2011 Oct 11
Reconstructing Visual Experiences From Brain Activity Evoked by Natural Movies
Item in Clipboard
Reconstructing Visual Experiences From Brain Activity Evoked by Natural Movies
Quantitative modeling of human brain activity can provide crucial insights about cortical representations [1, 2] and can form the basis for brain decoding devices [3-5]. Recent functional magnetic resonance imaging (fMRI) studies have modeled brain activity elicited by static visual patterns and have reconstructed these patterns from brain activity [6-8]. However, blood oxygen level-dependent (BOLD) signals measured via fMRI are very slow , so it has been difficult to model brain activity elicited by dynamic stimuli such as natural movies. Here we present a new motion-energy [10, 11] encoding model that largely overcomes this limitation. The model describes fast visual information and slow hemodynamics by separate components. We recorded BOLD signals in occipitotemporal visual cortex of human subjects who watched natural movies and fit the model separately to individual voxels. Visualization of the fit models reveals how early visual areas represent the information in movies. To demonstrate the power of our approach, we also constructed a Bayesian decoder  by combining estimated encoding models with a sampled natural movie prior. The decoder provides remarkable reconstructions of the viewed movies. These results demonstrate that dynamic brain activity measured under naturalistic conditions can be decoded using current fMRI technology.
Copyright © 2011 Elsevier Ltd. All rights reserved.
Conflict of interest statement
The authors declare no conflict of interest.

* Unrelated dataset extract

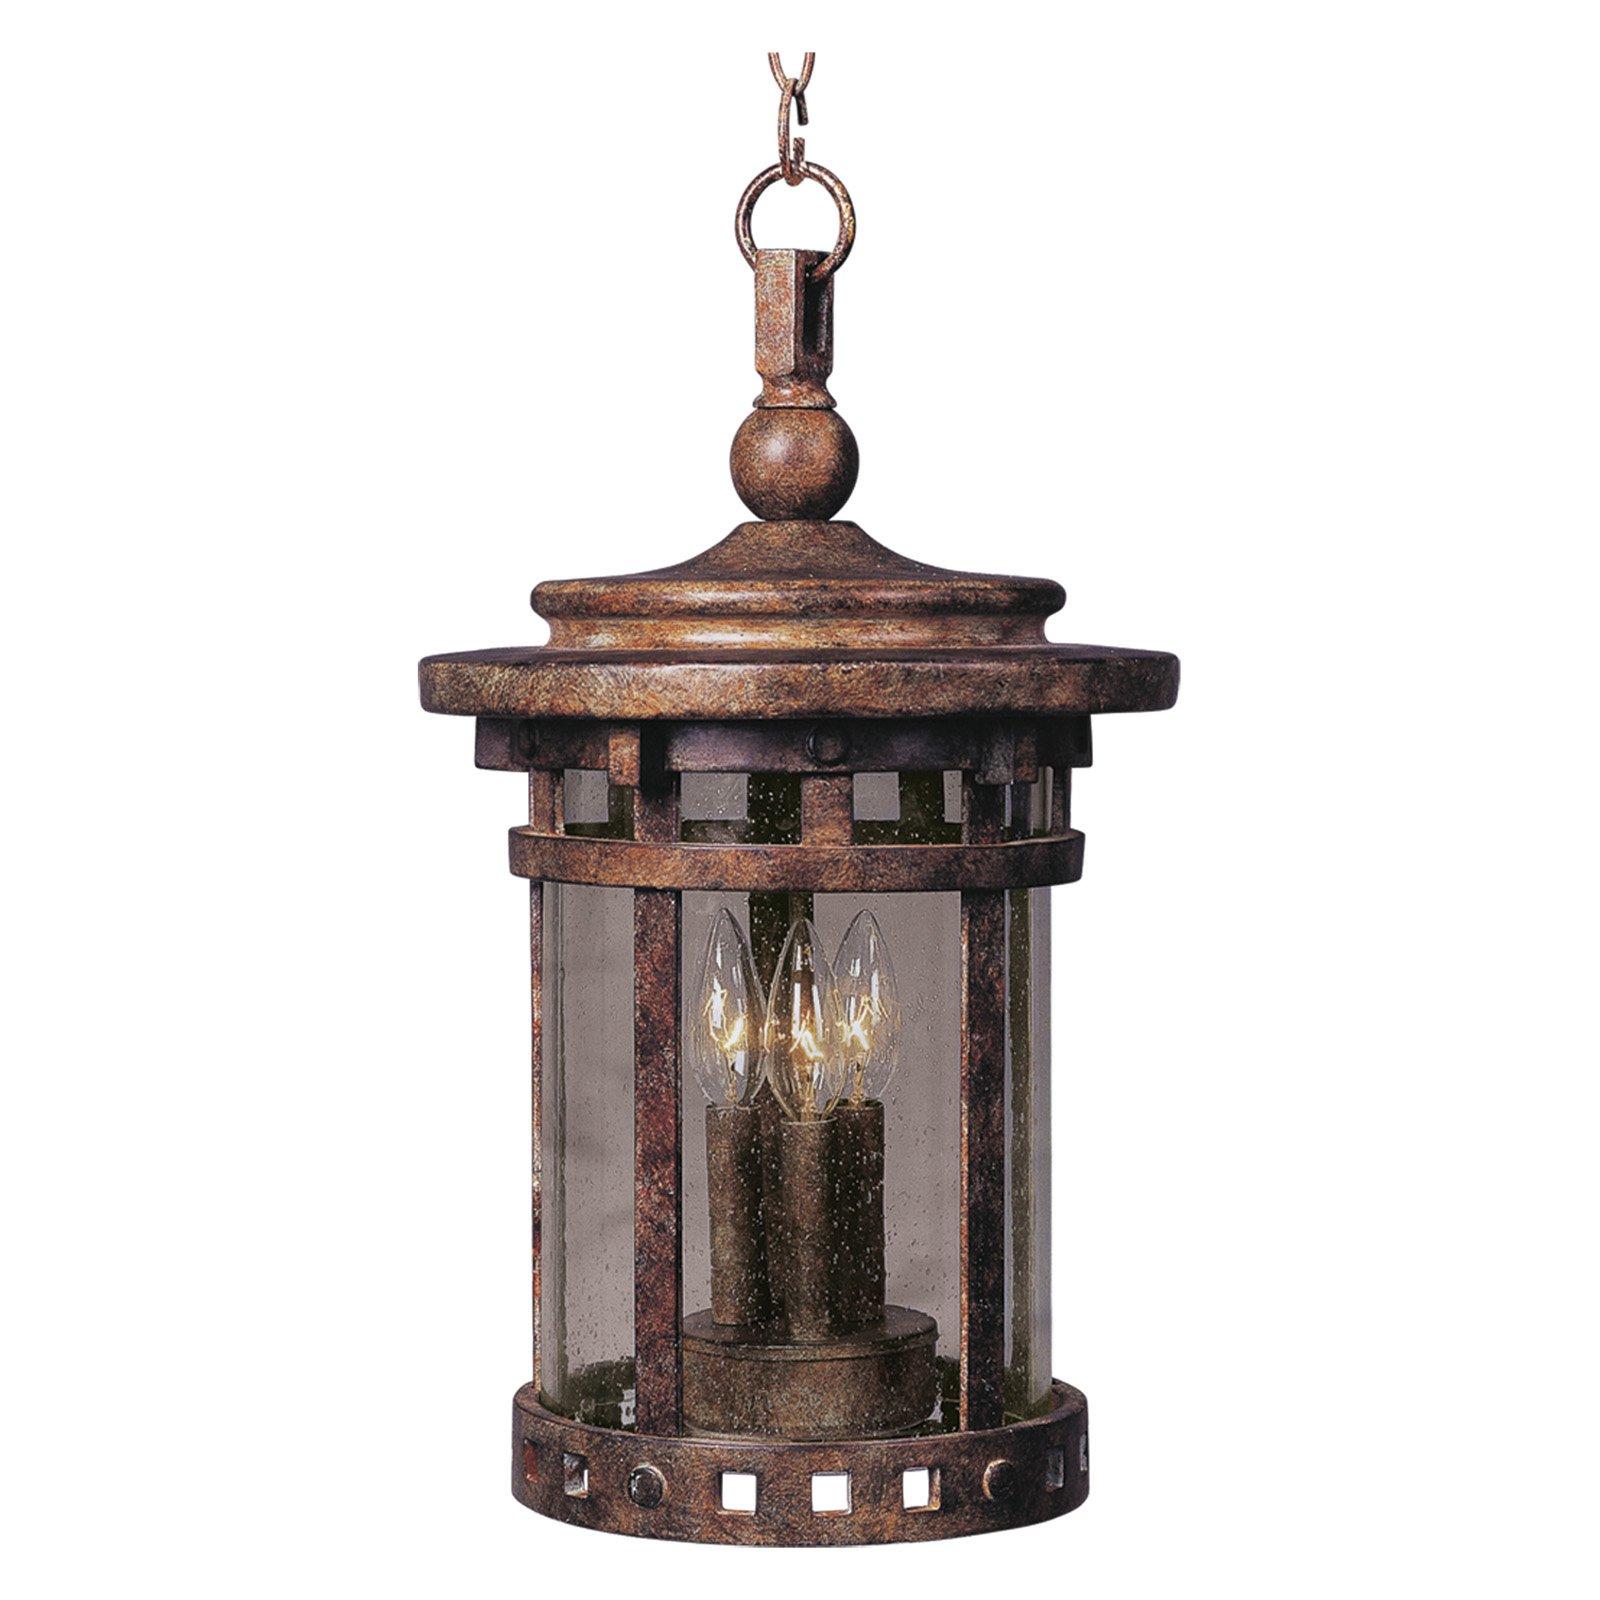 Maxim Santa Barbara DC Outdoor Hanging Lantern - 17.5H in. Sienna

Figure 1. Schematic diagram of the motion-energy encoding model
A, Stimuli first pass through a fixed set of nonlinear spatio-temporal motion-energy filters (shown in detail in panel B), and then through a set of hemodynamic response filters fit separately to each voxel. The summed output of the filter bank provides a prediction of BOLD signals. B, The nonlinear motion-energy filter bank consists of several filtering stages. Stimuli are first transformed into the Commission internationale de l'éclairage (CIE) L*A*B* color space and the color channels are stripped off. Luminance signals then pass through a bank of 6,555 spatio-temporal Gabor filters differing in position, orientation, direction, spatial and temporal frequency (see Supplemental Information for details). Motion energy is calculated by squaring and summing Gabor filters in quadrature. Finally, signals pass through a compressive nonlinearity and are temporally down-sampled to the fMRI sampling rate (1 Hz).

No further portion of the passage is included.